Chemicals used in these consumer products could degrade, releasing C8 and related toxic substances, much faster than previously projected by DuPont Co. scientists, according to the new EPA study.

The EPA study estimated the breakdown rate of these “fluoro-telomer polymers” to be 100 times faster than projected by the DuPont scientists in a study last year.

Both papers were published in the peer-reviewed journal Environmental Science and Technology, and are part of the growing scientific research into C8 and other perfluorochemicals, or PFCs.

Around the world, scientists are closely examining C8 and other PFCs. A mounting body of evidence shows that these chemicals are linked to a variety of adverse health effects, including immune changes and birth defects.

In West Virginia, concern about C8 has focused on DuPont’s plant near Parkersburg, which used the chemical for decades to make Teflon and other non-stick and stain-resistant products.

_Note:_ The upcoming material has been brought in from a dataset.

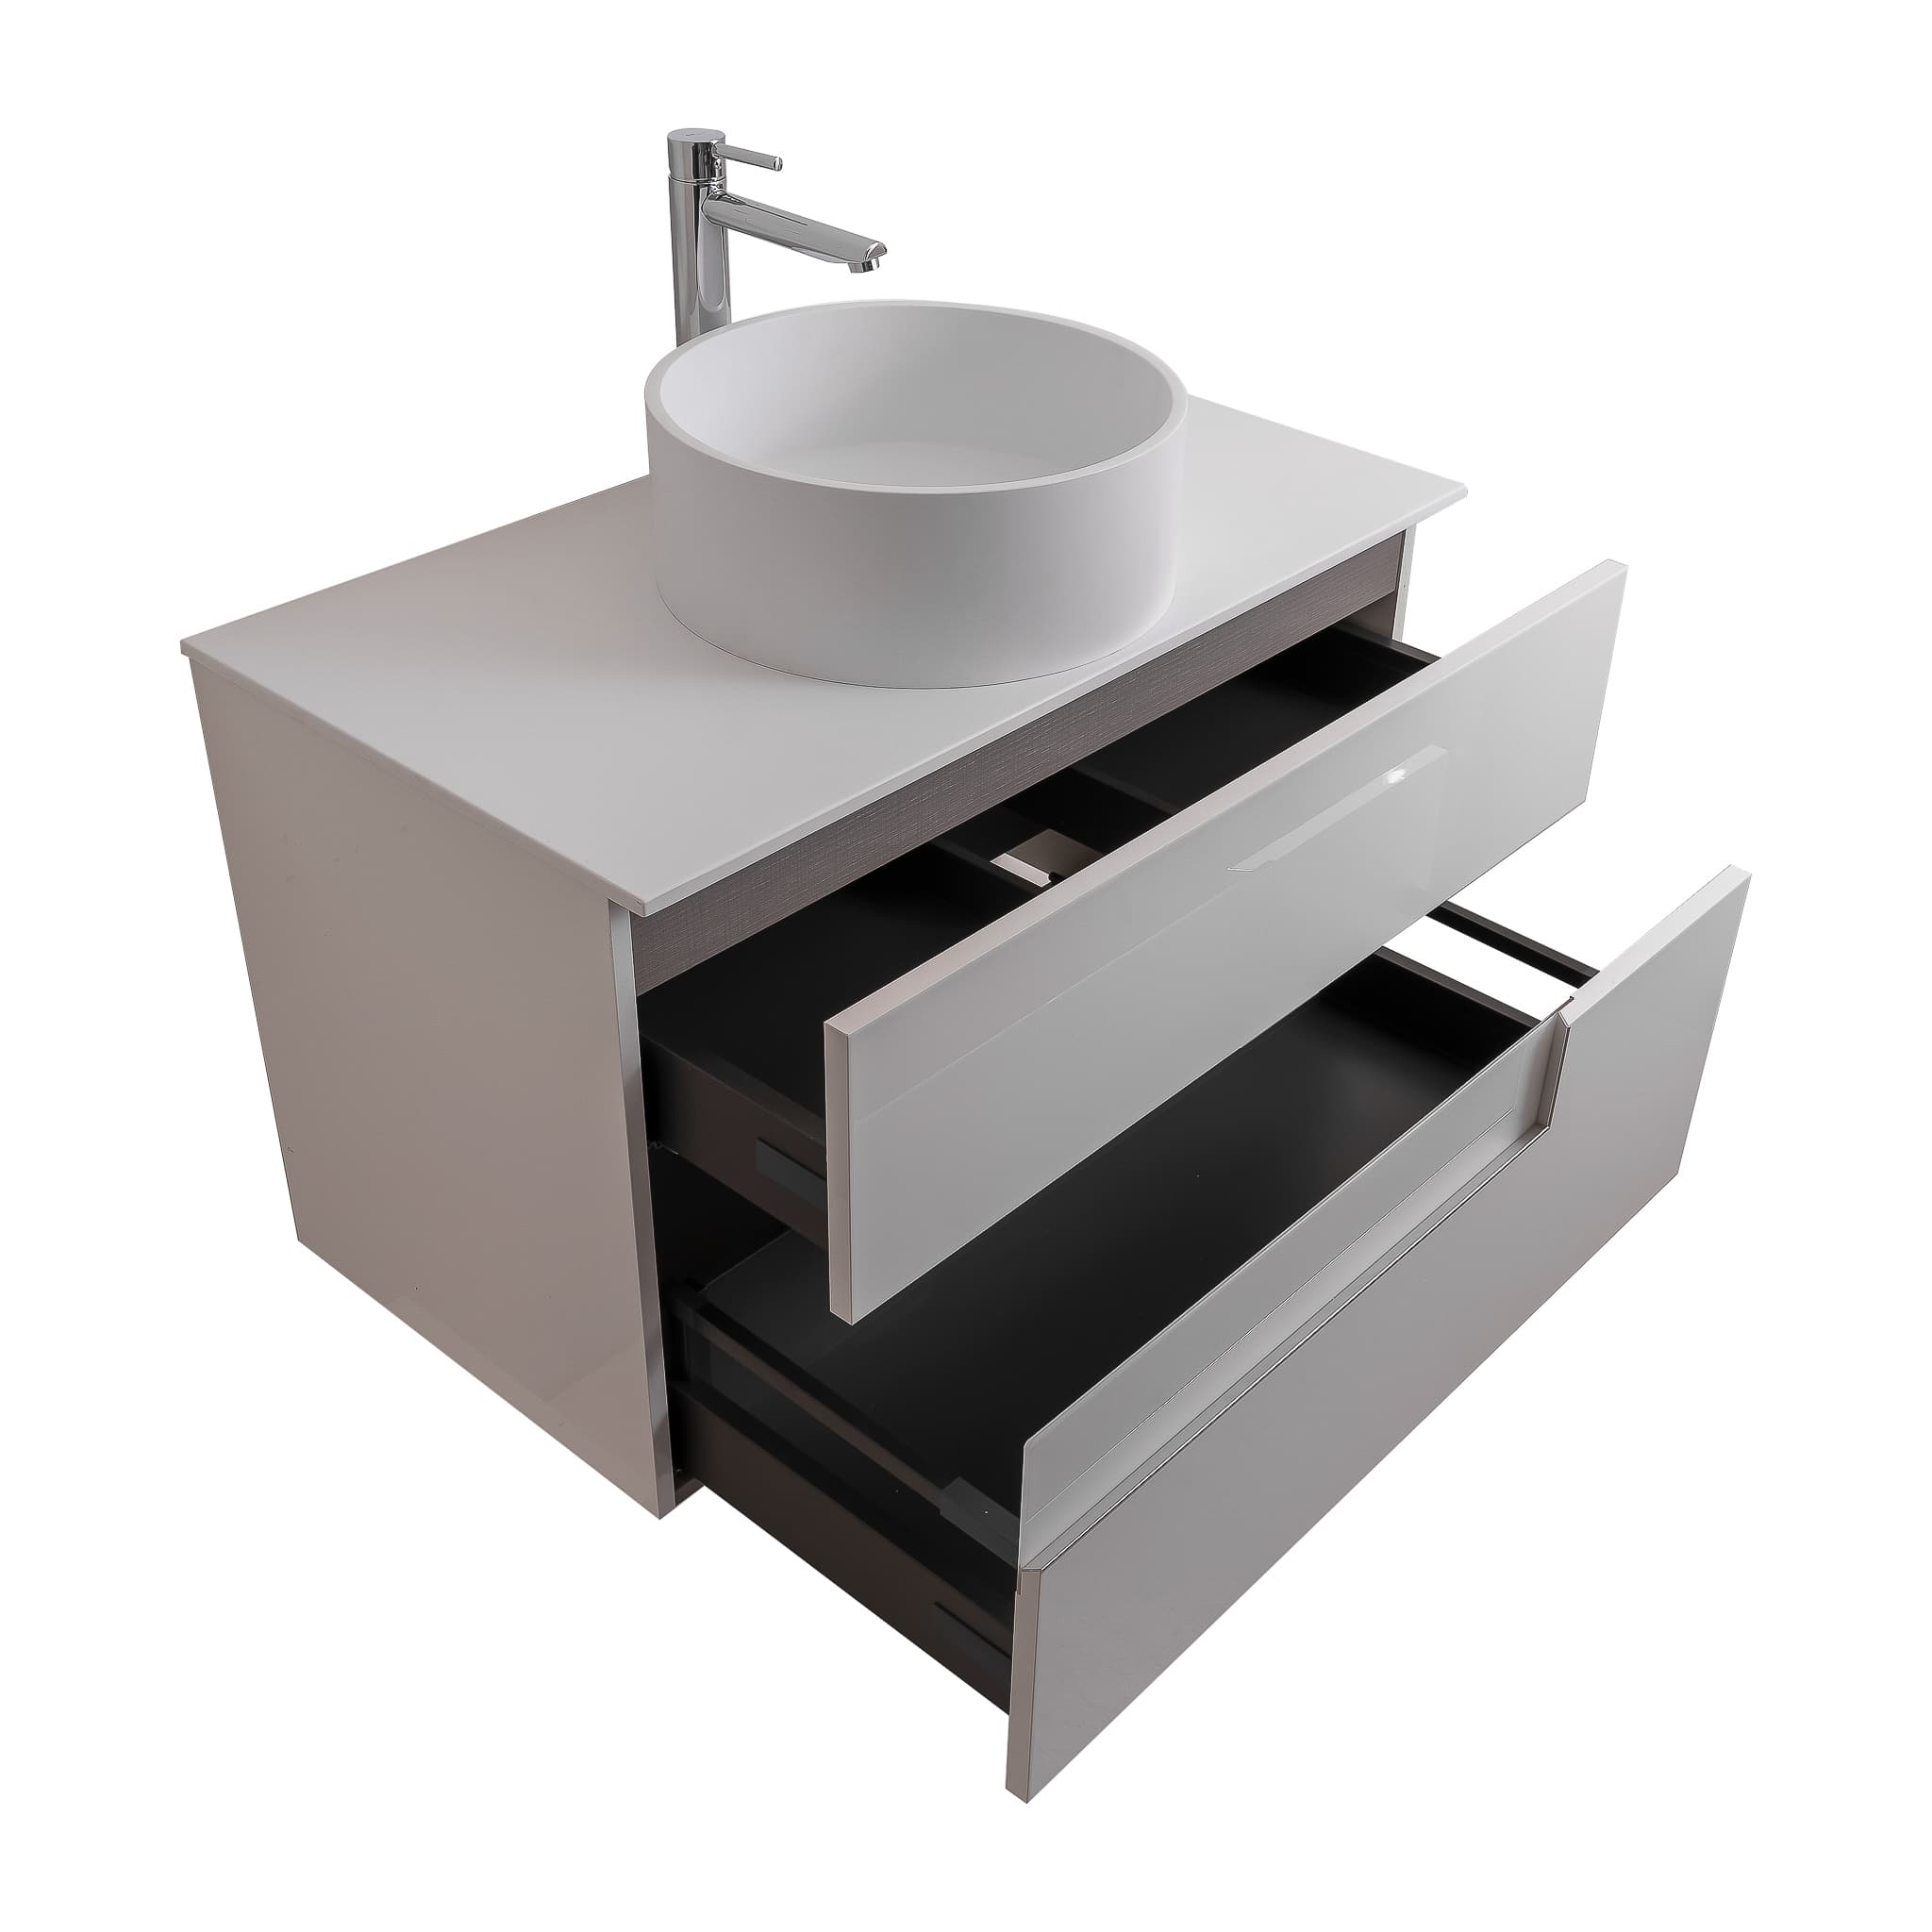 Vision 39.5 White High Gloss Cabinet, Solid Surface Flat White Counter And Round Solid Surface White Basin 1386, Wall Mounted Modern Vanity Set

C8 is also known as perfluorooctanoic acid, or PFOA. Residents in the Parkersburg area have very high levels of C8 in their blood, linked to drinking polluted water and breathing contaminated air, scientists say.

But humans and animals around the world have been found to have C8 in their bodies, and scientists have been focused on trying to pinpoint how the chemical ends up in the blood of average humans who don’t live near a manufacturing plant that makes or uses the material.

Previous research by Tim Begley of the U.S. Food and Drug Administration found that chemicals used to make food wrappers grease-proof could migrate into some foods. And earlier this year, a University of Toronto study found the chemicals used to make food wrapper coatings in human blood.

DuPont has argued that consumer products made from C8 and related chemicals are safe. Company officials point to their scientists’ study projecting the half-life — the amount of time it takes for half of the chemical to break down — at between 1,200 and 1,700 years.

But EPA scientist John Washington and his colleagues used a different laboratory method to try to estimate the half-life and came up with an estimate of 10 to 17 years.

Washington said Thursday the EPA researchers used a more accurate, multi-step extraction method of estimating the degradation rate. The laboratory study incubated fluorotelomer polymers in soil microorganisms, and then monitored those microorganisms for PFCs and degraded polymers. In one instance, C8 was found to have a half-life of 130 days.

“These results suggest that fluorotelomer polymer degradation is a significant source of POFA and other fluorinated compounds to the environment,” the new study concluded.